*** Opening of Entries supplied ***

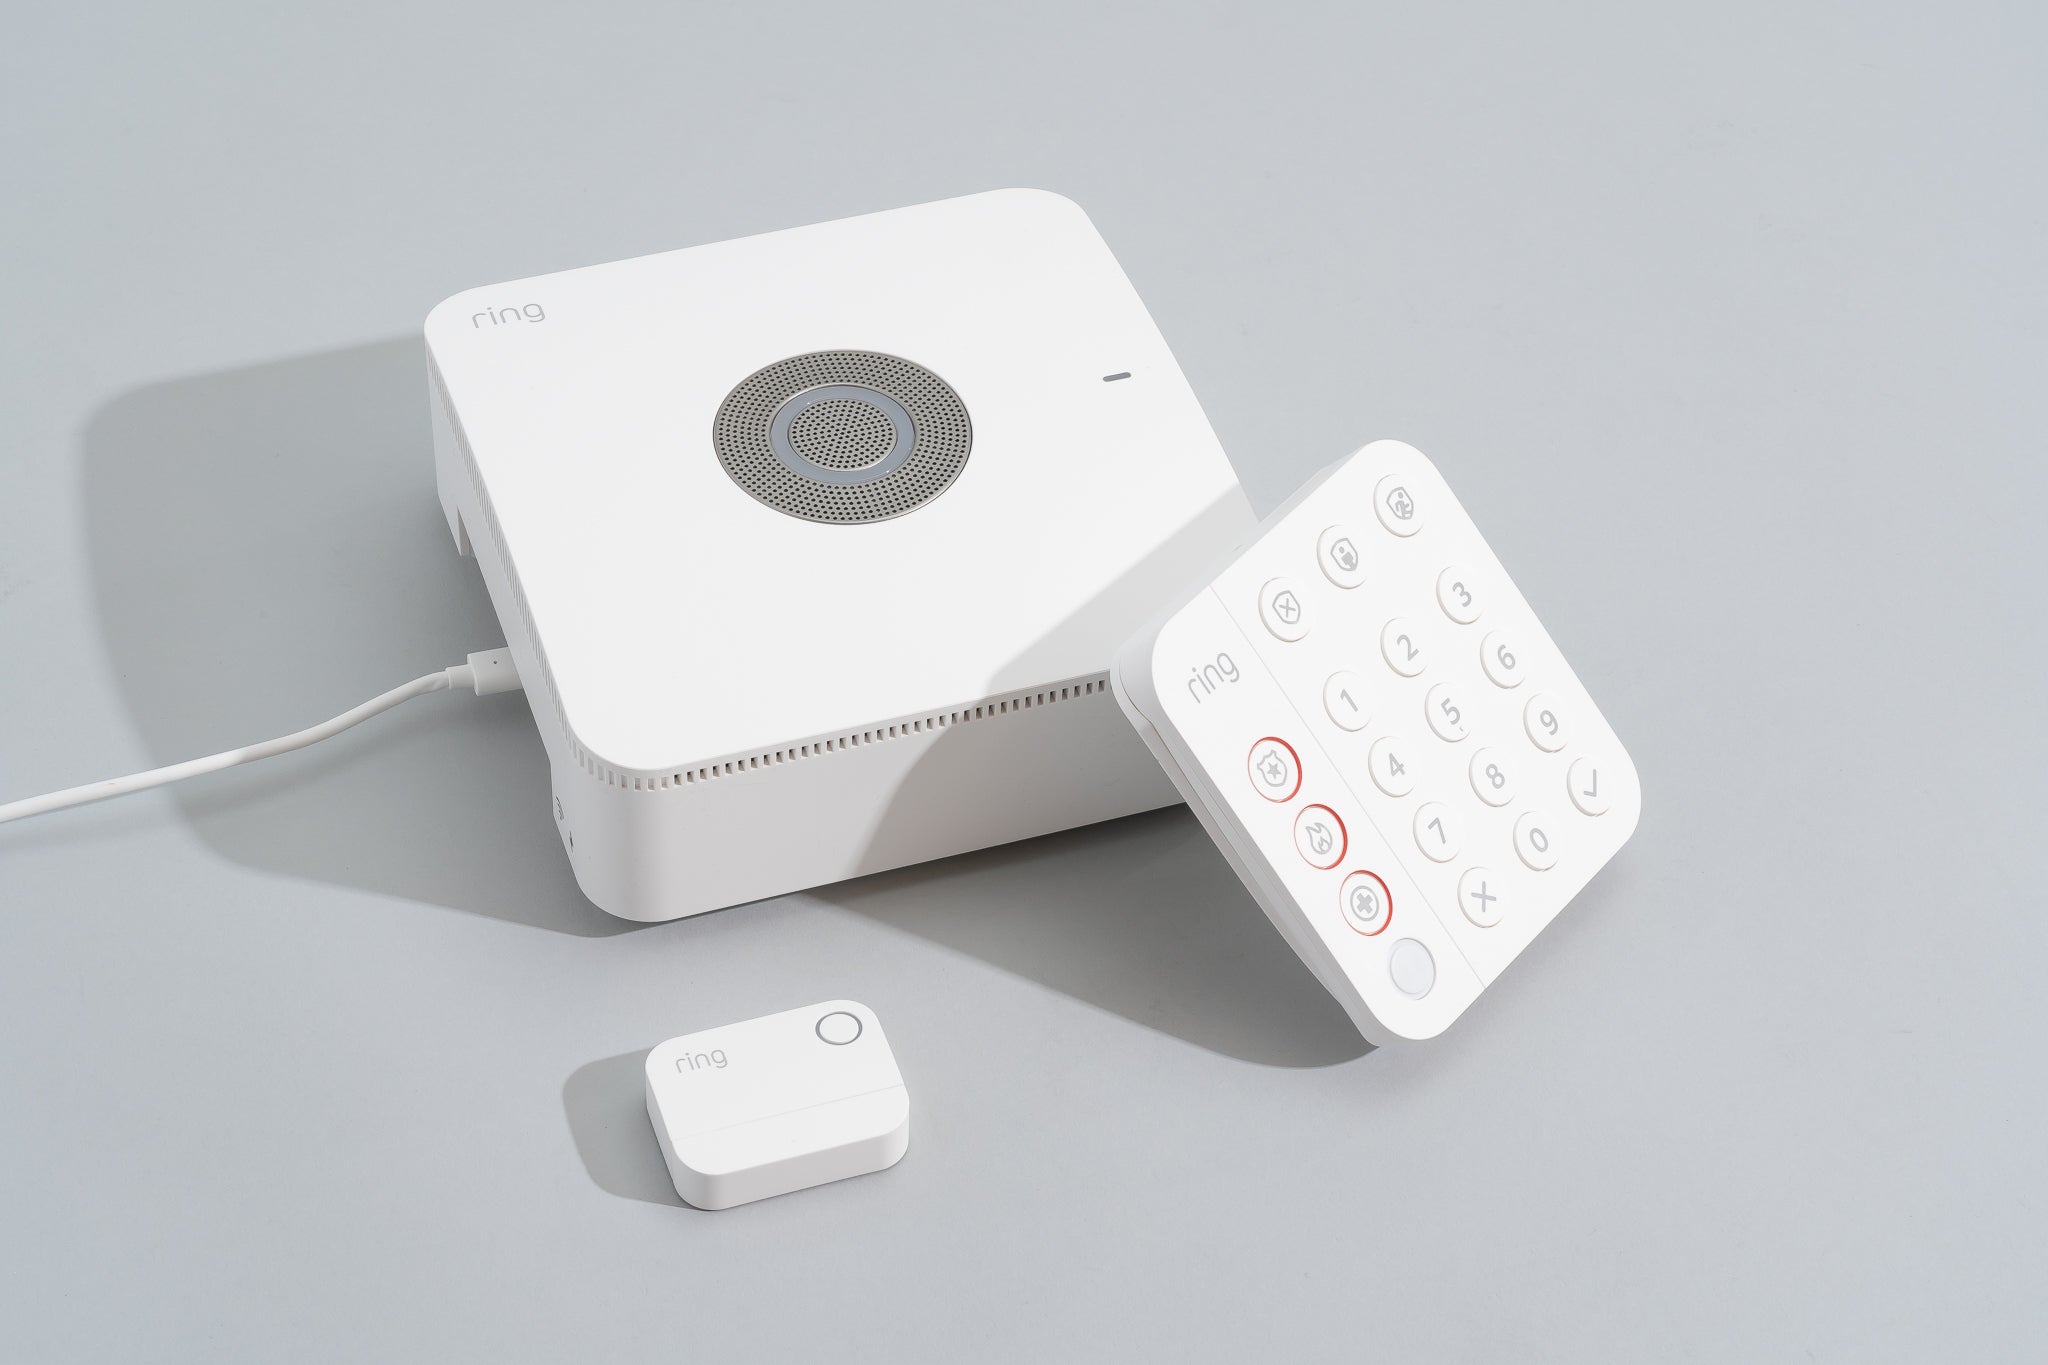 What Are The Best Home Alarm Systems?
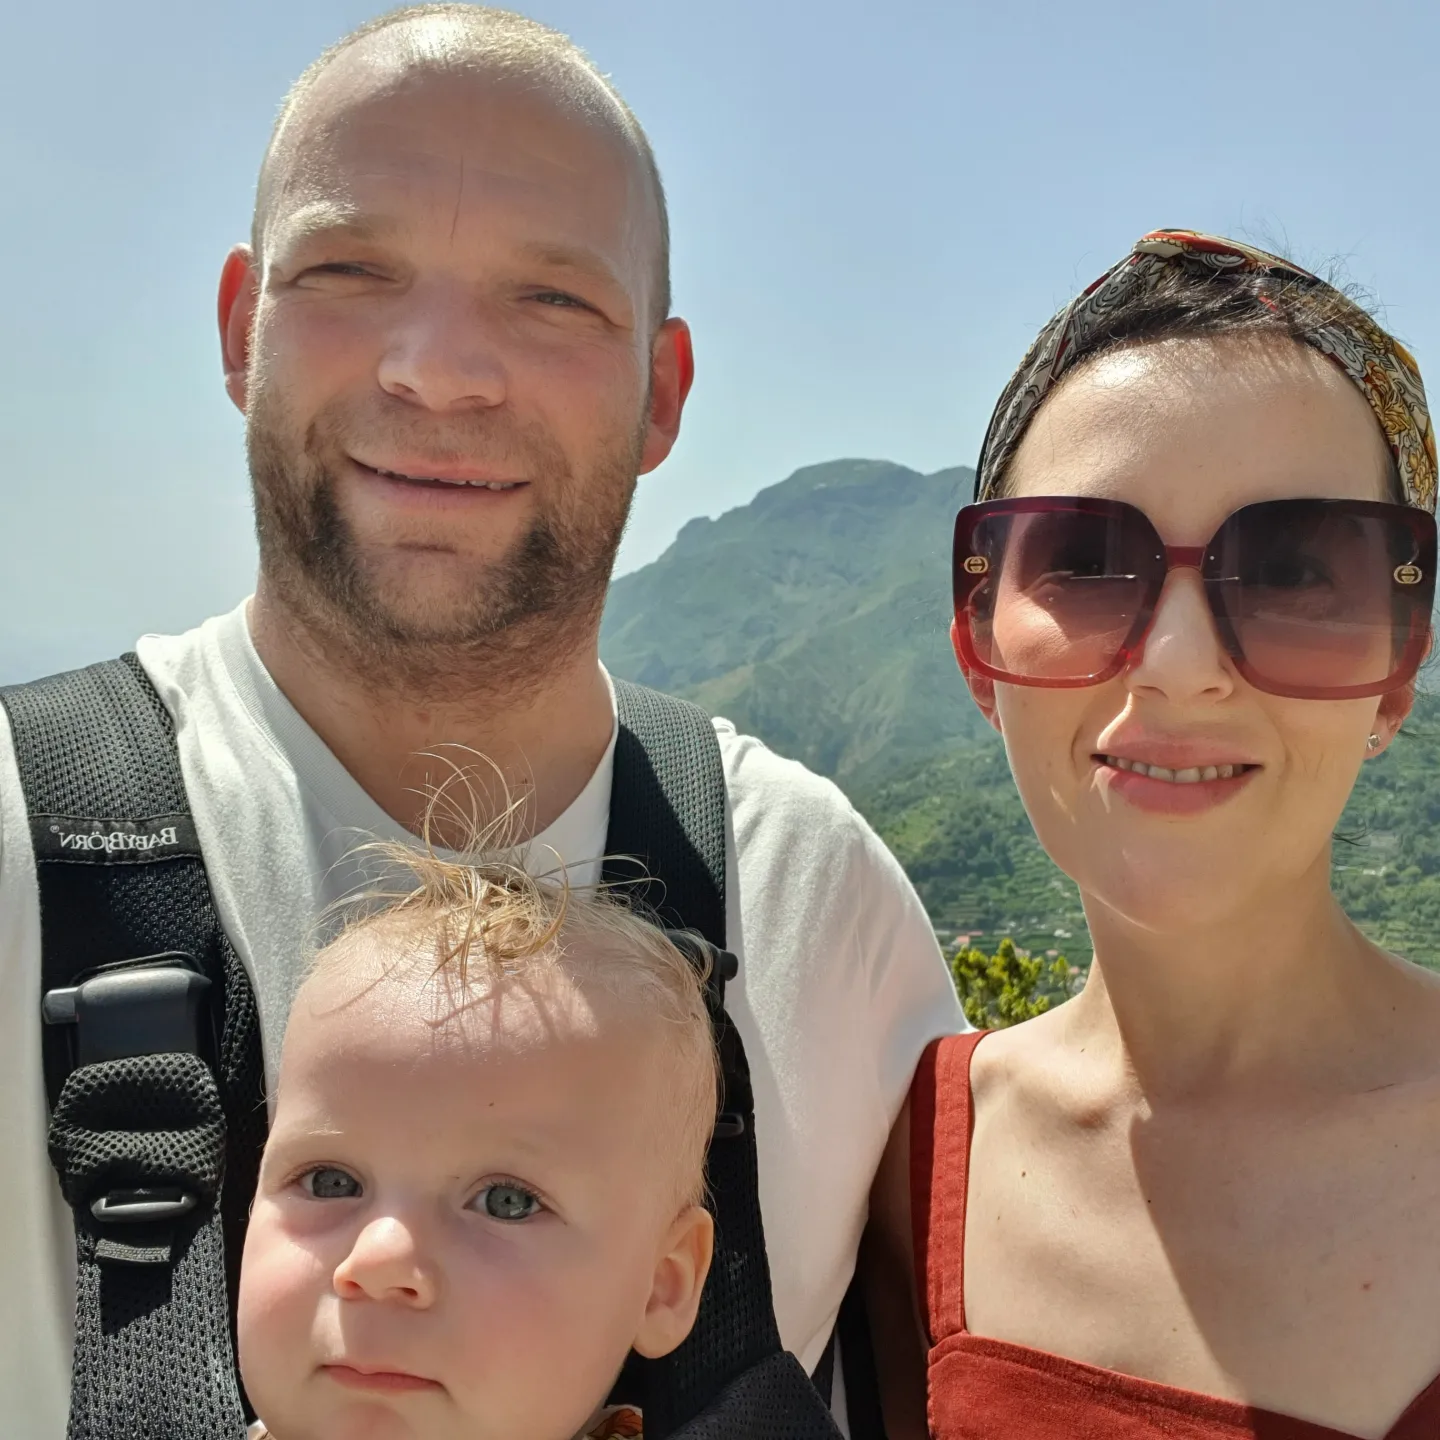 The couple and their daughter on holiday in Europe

*** Close of Entries supplied ***
*** Opening of Entries supplied ***

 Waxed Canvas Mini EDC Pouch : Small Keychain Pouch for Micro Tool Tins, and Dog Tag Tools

*** Close of Entries supplied ***
*** Opening of Entries supplied ***

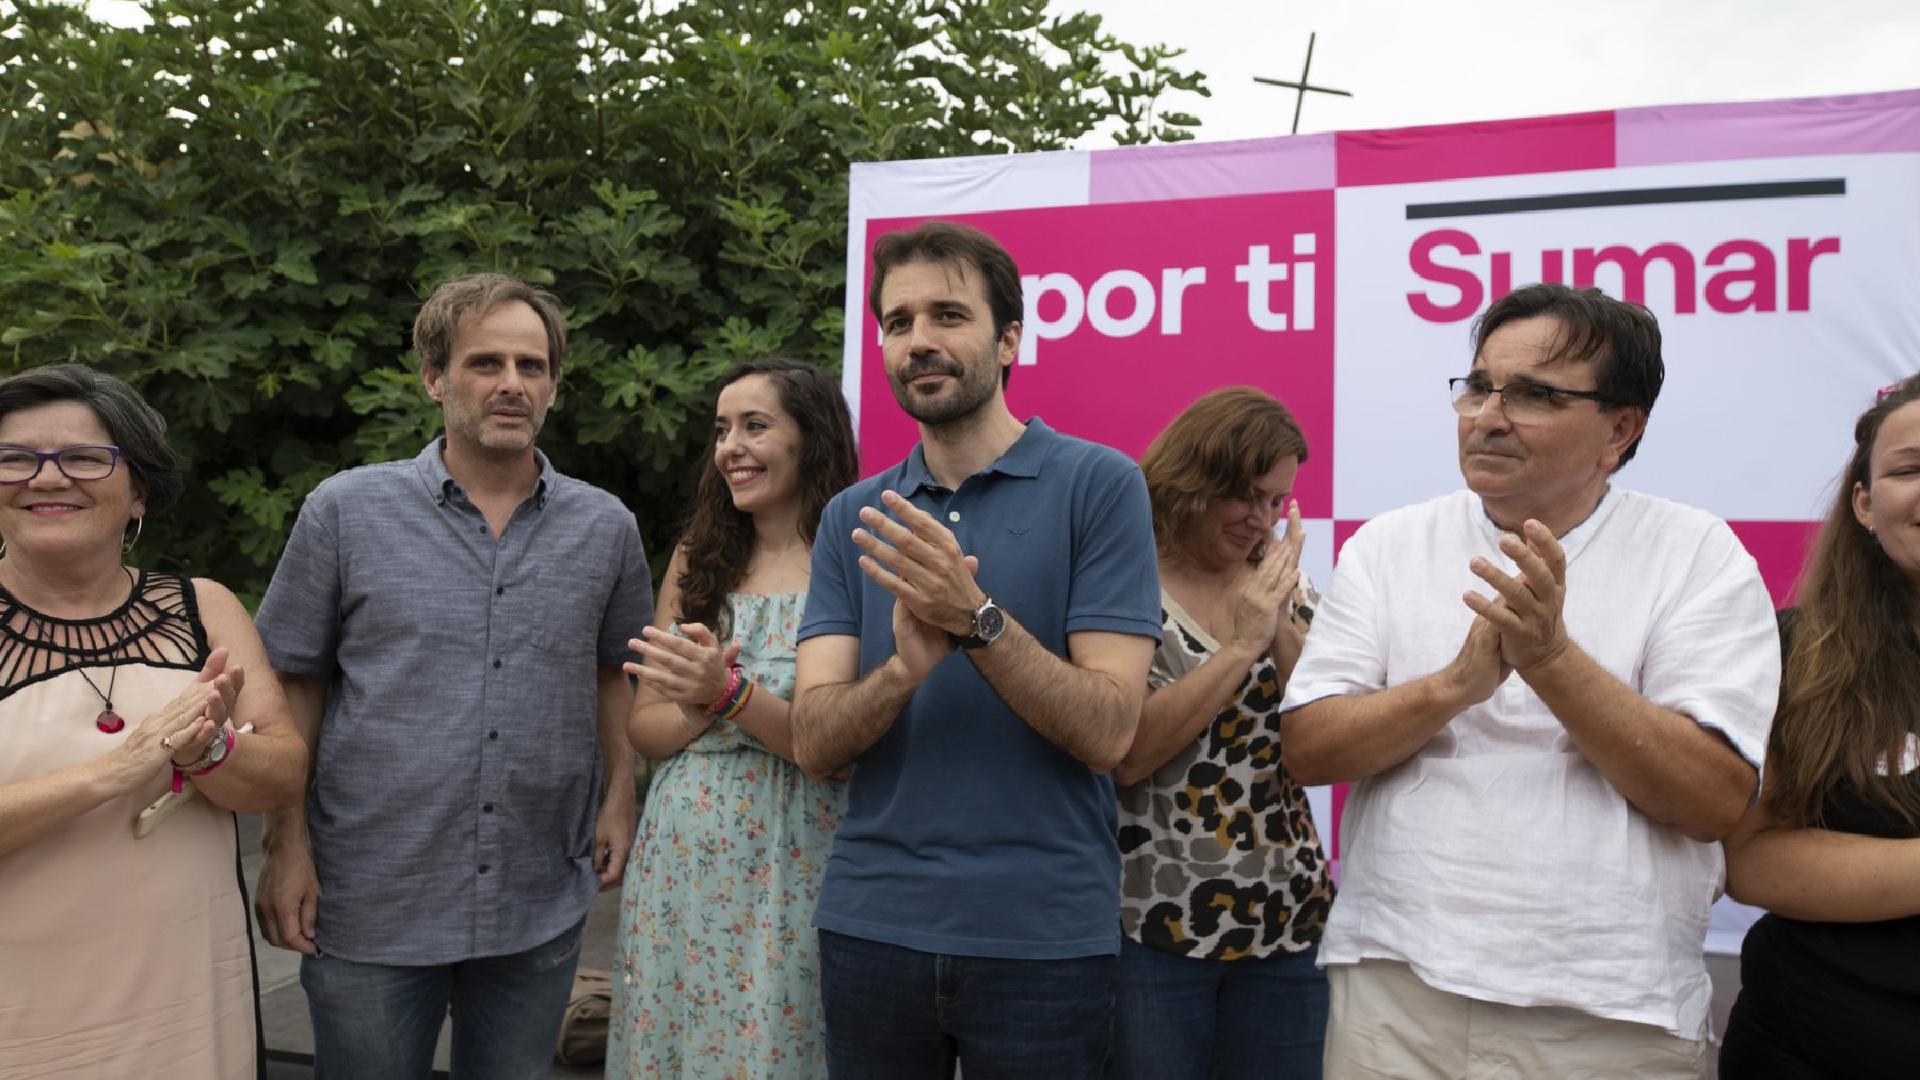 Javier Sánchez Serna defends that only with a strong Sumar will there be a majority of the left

*** Close of Entries supplied ***

■ Directions for this task ■
Please repeat, exactly as written, the lines in the records above, starting with the one that has "What Are The Best Home Alarm Systems?" and going on through the one that has "The couple and". Pictures are to be left out.

■ Response to this task ■
 What Are The Best Home Alarm Systems?
 The couple and their daughter on holiday in Europe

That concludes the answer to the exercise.